Derzeit kursiert im Netz eine Witzkampagne, initiiert vom Guardian, auf der ein düster blickender Gordon Brown raunt: „Step outside, posh boy“. Zeig dich, du vornehmer Bengel. Eine Aufforderung an den Tory-Chef David Cameron, ehemaliger Eton-Schüler und Oxford-Vorzeigestudent. Unschlagbar posh und nun unschlagbar peinlich.

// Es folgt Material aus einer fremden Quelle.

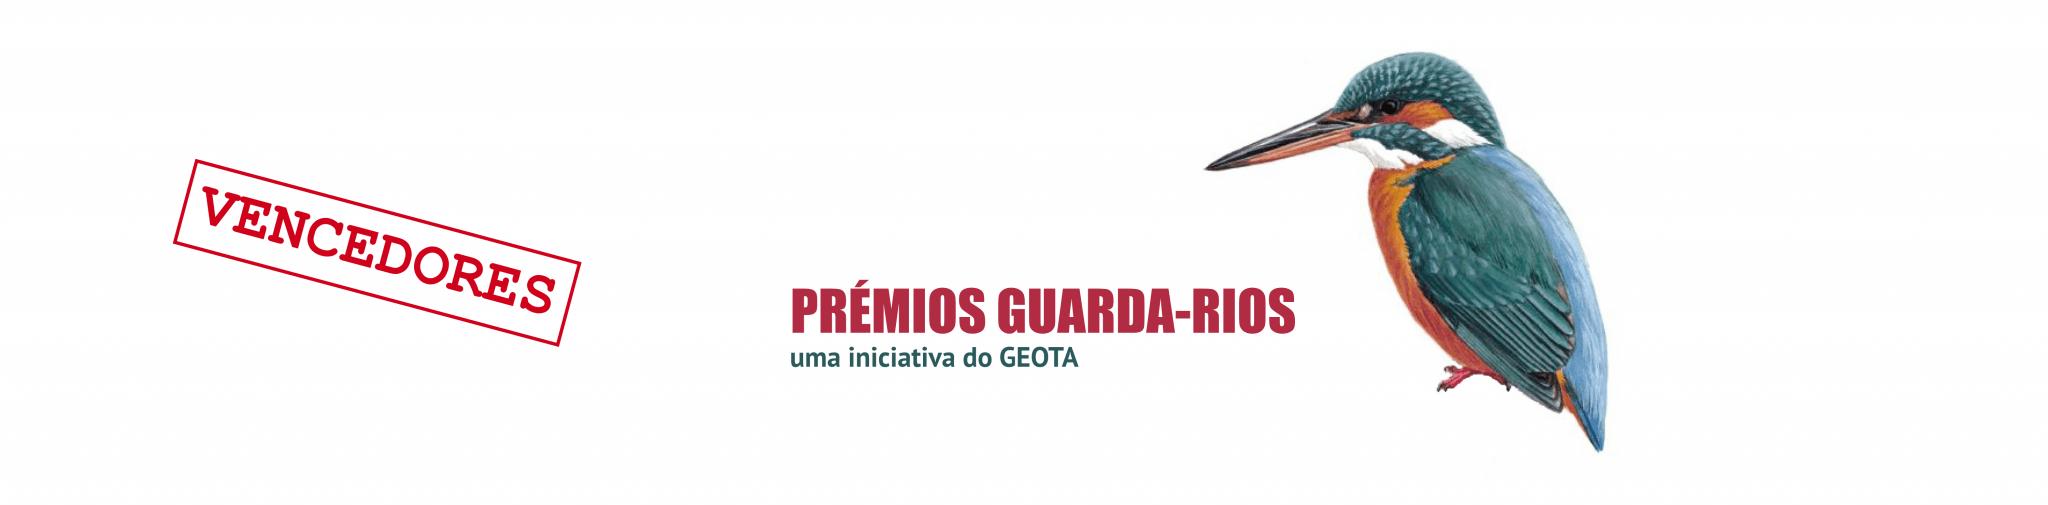 Conhece os vencedores do Prémio Guarda-Rios 2018

Geht man auf die Webseite der Konservativen hat man den Eindruck, dass die Biografien der wenigen Mitglieder mit „ganz normaler“ Schulausbildung plötzlich besonders glänzen („Er besuchte eine staatliche Schule …“, „er arbeitete in der Zeche wie schon Vater und Opa …“), während die teuer bezahlten Eliteausbildungen der Tory-Mehrheit mit fast kabarettistischer Renitenz verschwiegen werden. Der adlige Schattenfinanzminister George Osborne ist auf einmal nur profan in London „geboren und ausgebildet“, die edle Schulzeit von Schattenjustizminister Dominic Grieve an einem der besten französischen Lycées wird erst gar nicht erwähnt. Viel zu posh! Ähnliche Chamäleon-Strategien wenden die First Ladies der Parteichefs derzeit bei ihren Outfits an.

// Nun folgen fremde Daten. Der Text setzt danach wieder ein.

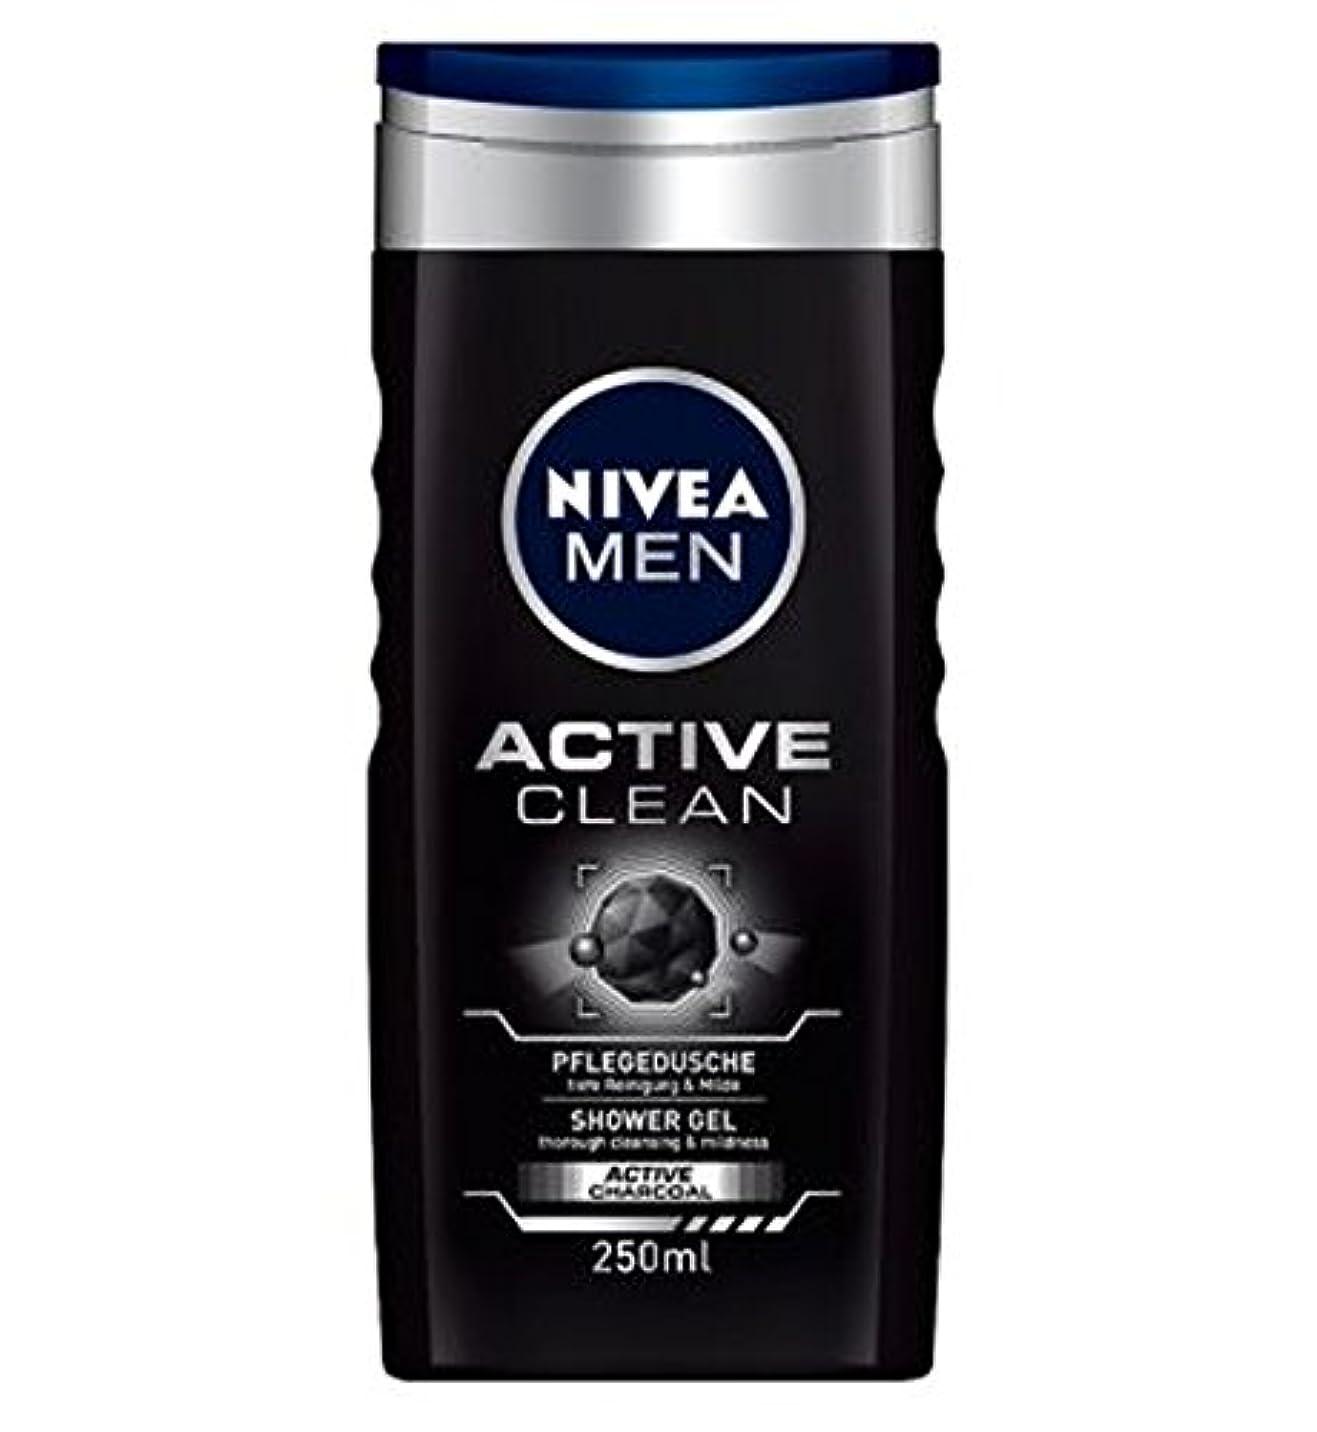 減少ルーキー不運ニベアの男性アクティブクリーンシャワージェル250ミリリットル (Nivea) (x2) - NIVEA MEN Active Clean Shower Gel 250ml (Pack of 2) [並行輸入品]

Bei öffentlichen Terminen tragen sie 39-Euro-Cardigans und erst unbeobachtet am Abend wieder die Prada-Robe. Doch diese Wir-sind-eigentlich-wie-ihr-Strategie könnte nach hinten losgehen, denn im Grunde hängen die Briten an ihrem säuberlich aufgebauten Klassensystem und wollen weiterhin den verwöhnten Privatschüler verachten, genauso wie den Proll mit Kampfhund. „Würde er wenigstens zu seiner Upperclass-Attitüde stehen, würde ihn das glaubhafter machen“, schrieb eine Leserin über David Cameron im Daily Mirror.
Ob sie ihn deshalb wählen würde? Viele Wähler trauen weder Brown noch Cameron. Dann doch eher einem ehrlich rasenden Klempner. Die Sun hat das übrigens schon lange erkannt und den White Van Man vor ein paar Jahren als repräsentative Stimme des Volkes bestimmt. Lieber rasen statt lügen.